NALI: NUMA-Aware Adaptive Learned Index for In-Memory Multi-core Databases
摘要
Learned indexes introduce a novel approach to database indexing by conceptualizing indexes as predictive models. These models predict the positions of keys within datasets, which significantly improve efficiency and performance. However, in Non-Uniform Memory Access (NUMA) environments, learned indexes often suffer from performance stagnation or even degradation as the degree of resource contention increases. NALI reduces model error and mitigates write amplification by leveraging precise segment prediction and error-bounded conflict resolution within a semi-ordered structure, effectively balancing model accuracy and write efficiency.

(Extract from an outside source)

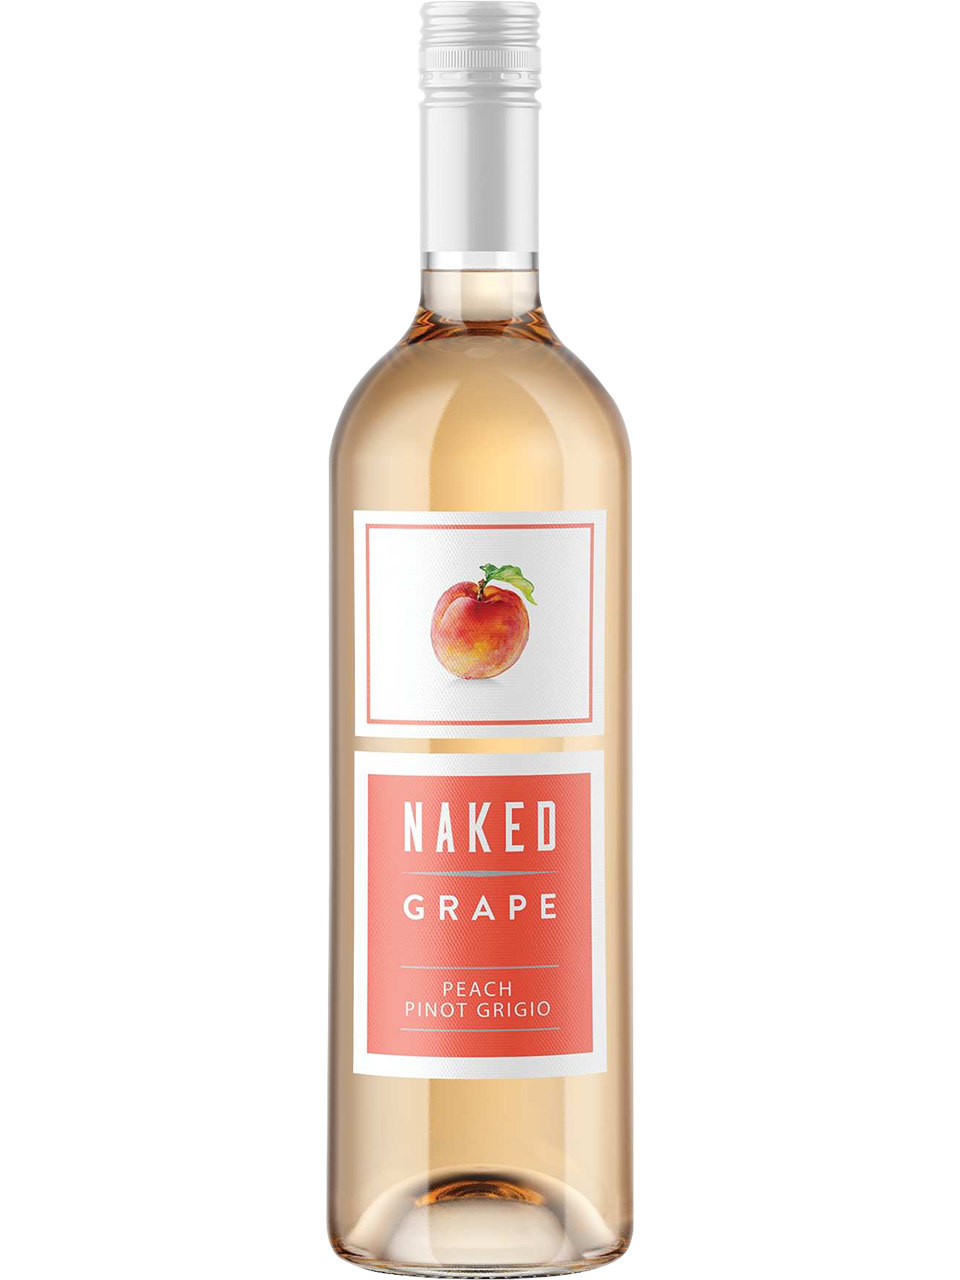 Naked Grape Peach Pinot Grigio
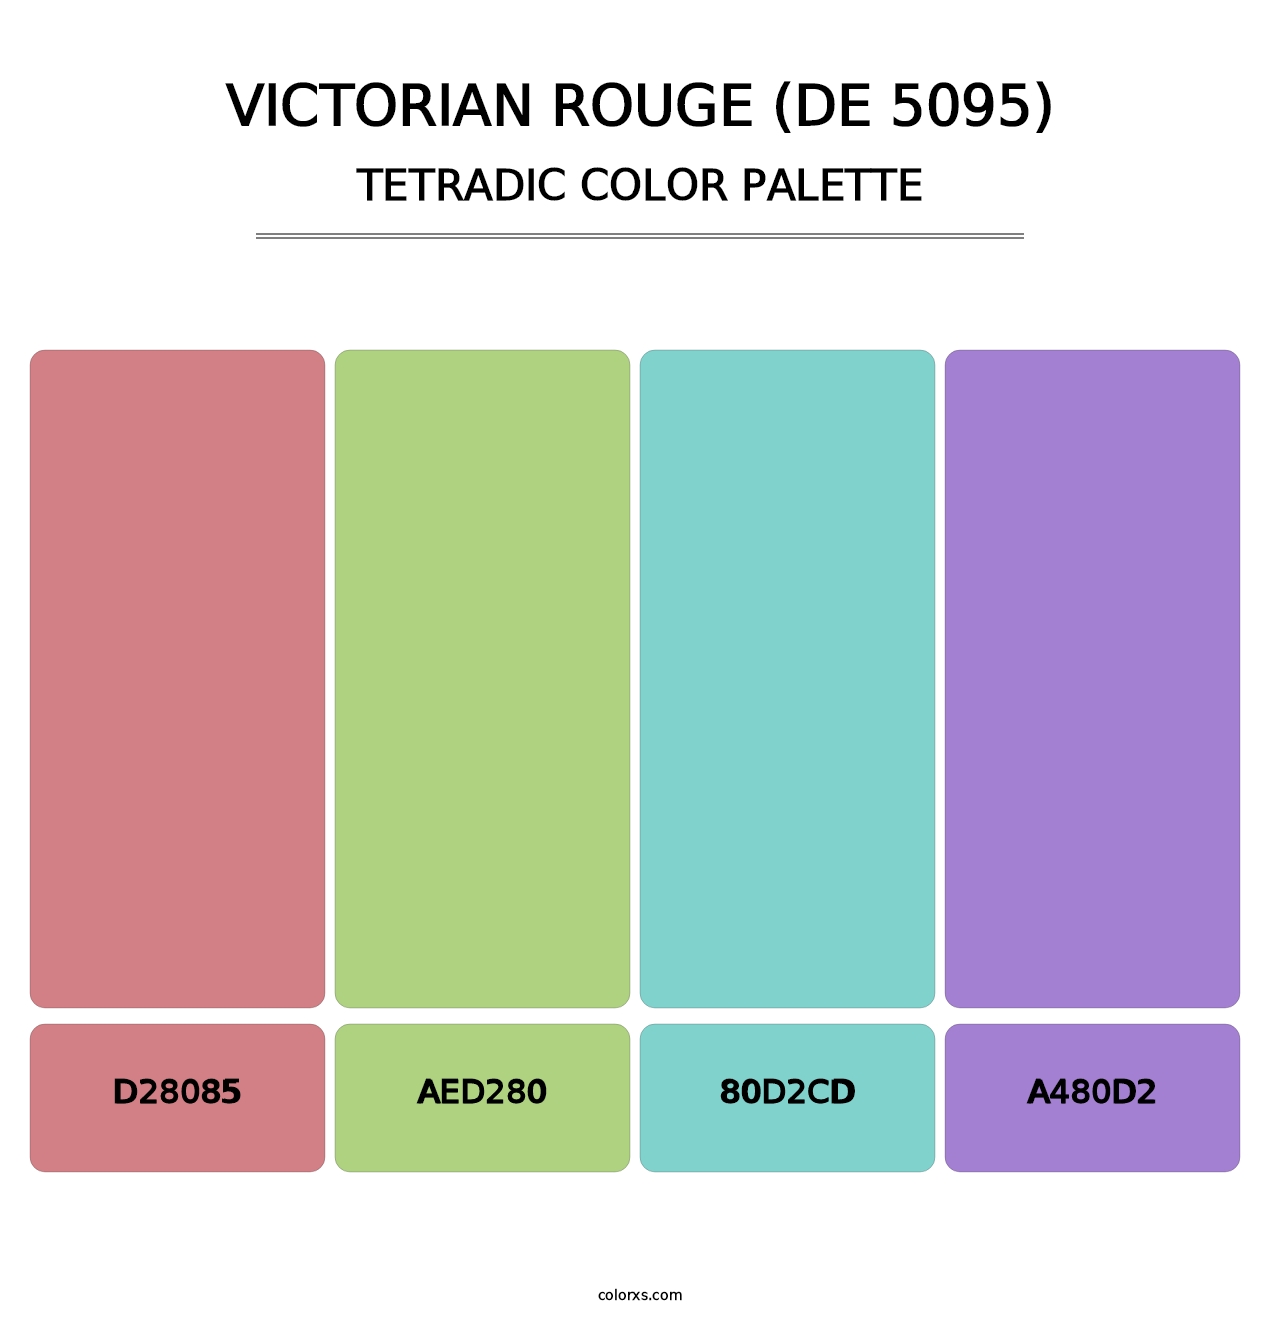 Victorian Rouge (DE 5095) - Tetradic Color Palette

To further adapt to dynamic workload patterns, NALI incorporates an adaptive node evolution mechanism, which dynamically adjusts node structures based on real-time access characteristics. Additionally, a NUMA-aware memory management and thread scheduling framework enables efficient thread-query co-location and load balancing. Extensive experimental results demonstrate that NALI consistently outperforms the state-of-the-art learned index AlexOL, delivering 1.80 \(\times \) , 2.63 \(\times \) , and 2.31 \(\times \) performance gains under read-only, write-only, and balanced workloads, respectively, while maintaining comparable space efficiency.